Peter Norbeck (August 27, 1870December 20, 1936) was an American politician from South Dakota. After serving two terms as the ninth Governor of South Dakota, Norbeck was elected to three consecutive terms as a United States Senator. Norbeck was the first native-born Governor of South Dakota to serve in office, and the first native-born U.S. Senator from South Dakota. (Norbeck was born in the portion of the Dakota Territory that would later become the state of South Dakota). He is best remembered as "Mount Rushmore's great political patron", for promoting the construction of the giant sculpture at Mount Rushmore and securing federal funding for it.

Early life and education
Norbeck was the oldest of six children born to immigrants George (born in Jämtland, Sweden) and Karen (Larsen) Norbeck, who was Norwegian. At the time of Norbeck's birth, his family was living in a dugout on the family's , located  northeast of Vermillion, Dakota Territory. He attended the public schools and the University of South Dakota at Vermillion. In 1895 he was a contractor and driller of deep water, oil, and gas wells. He moved to Redfield, South Dakota in 1900 and added agricultural pursuits.

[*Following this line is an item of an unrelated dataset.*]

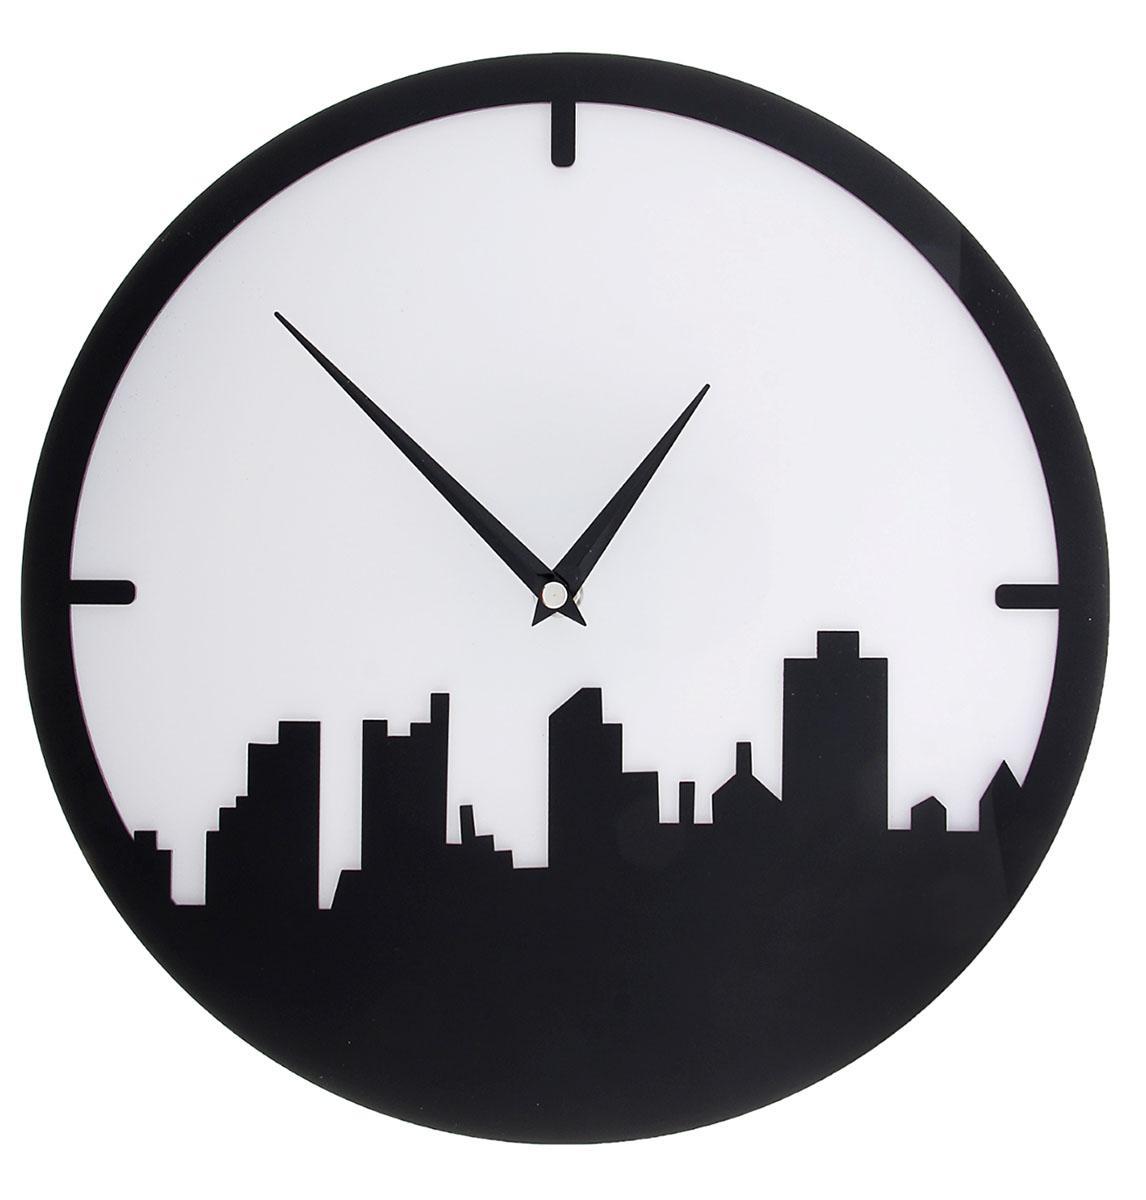 Часы настенные Акрил. Город, диаметр 30 см. 118710118710Каждому хозяину периодически приходит мысль обновить свою квартиру, сделать ремонт, перестановку или кардинально поменять внешний вид каждой комнаты. Часы настенные интерьерные Серия Акрил. Мегаполис, d=30 см, черно-белые — привлекательная деталь, которая поможет воплотить вашу интерьерную идею, создать неповторимую атмосферу в вашем доме. Окружите себя приятными мелочами, пусть они радуют глаз и дарят гармонию.Часы настенные серия Акрил Город черный с белым d=30см 118710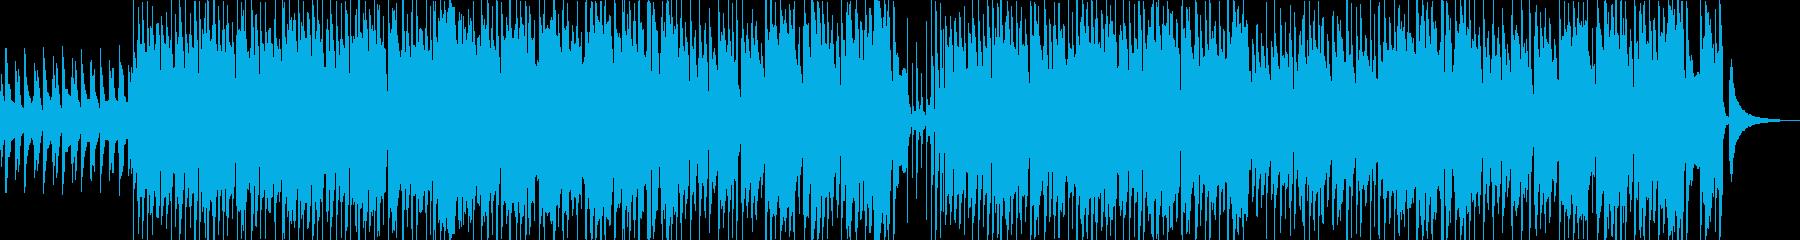 ウクレレと口笛のハッピーなインストの再生済みの波形

In June 1901 he married Lydia Theresa Anderson and they had three daughters, Nellie, Ruth, and Selma (aka Sally); and one son, Harold.

Personal affiliations
Norbeck was a Freemason, and a member of the Grand Lodge of South Dakota. He received the 32° of the Ancient and Accepted Scottish Rite, Southern Jurisdiction in Yankton, SD on 22 June 1919, and was also a member of Yelduz Shriners in Aberdeen, South Dakota. His Blue (Craft) lodge name and number are not known.

Career
On May 9, 1908, Norbeck ran for the South Dakota State Senate from Spink County. After being elected to the first of three terms, he joined Coe Crawford's inner circle of Progressives. In 1914, Norbeck reluctantly accepted Governor Frank Byrne's invitation to run for Lieutenant Governor on the Republican ticket; they ended up winning.

In 1916, Norbeck ran for governor and beat Democratic candidate W.T. Rinehart, becoming the ninth Governor of South Dakota. He served in that office from 1917 to 1921.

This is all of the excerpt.